Laughing nervously, he felt color rising in his cheeks. “Thanks, man.” He fervently willed his embarrassment to leave. “I know I just travelled Europe for a year by myself, but… yeah, I’m nervous. I don’t like saying it out loud, you know what it’s like…” His voice trailed off and he wasn’t even sure how to finish his own sentence.
“All that toxic masculinity shit? Yeah. How us men are supposed to think, feel and act? I know all about that shit, it almost landed me in a mental hospital. My shrink tells me it’s all bullshit and I need to give zero fucks about how society says I should live my life. Felt kinda freeing when I stopped caring about what everyone else thought and focused more on what I thought.”

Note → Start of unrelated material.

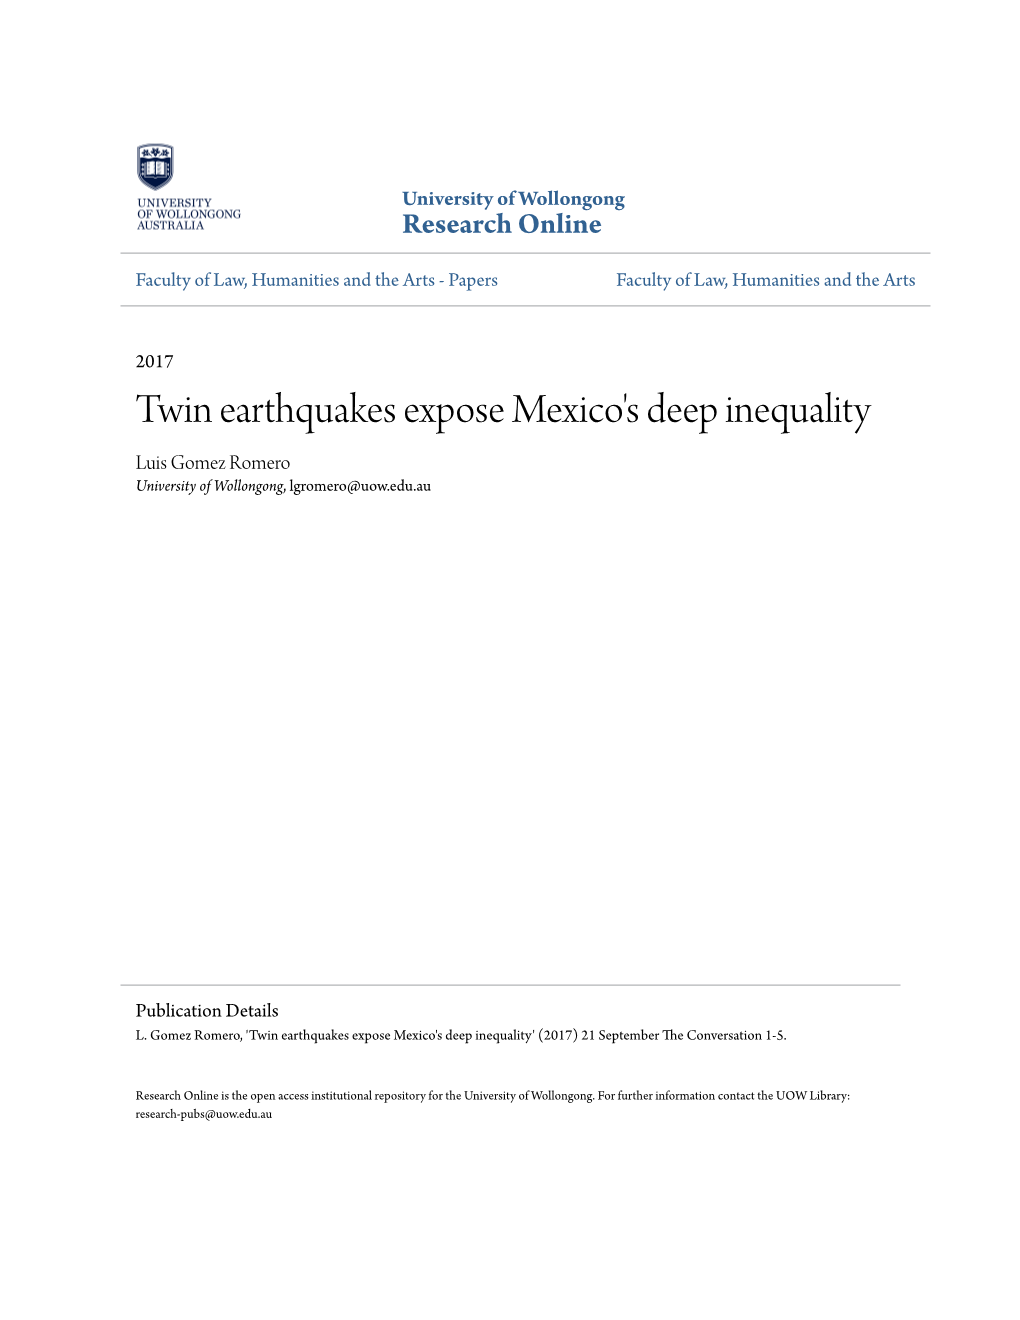 Twin Earthquakes Expose Mexico's Deep Inequality Luis Gomez Romero University of Wollongong, Lgromero@Uow.Edu.Au

Jeremy wasn’t sure if his jaw physically dropped open or not, but he was definitely stunned by this man’s open admission to having a shrink.
I don’t even know this dude’s last name and I know he has a shrink. We’re definitely not in Kansas anymore, Toto.
AJ chuckled again. “Yeah, I’m a compulsive over-sharer too. It’s weird, right? I know it’s weird. But hey, if anyone gives you shit for being nervous tell ʼem to come see me and I’ll put ʼem straight; I am the muscle after all, remember?” He threw Jeremy an exaggerated wink and Jeremy couldn’t help but smile. He was already feeling better at having met what was turning out to be a non-conforming teammate who really didn’t fall under the category of ‘typical jock’. It was refreshing. Even when he played rec league hockey on his travels in Europe, he’d felt a somewhat toxic atmosphere both in the locker room and on the ice. He’d never really subscribed to the stereotype that men couldn’t feel, but he was always careful about who he showed that particular ‘side’ to.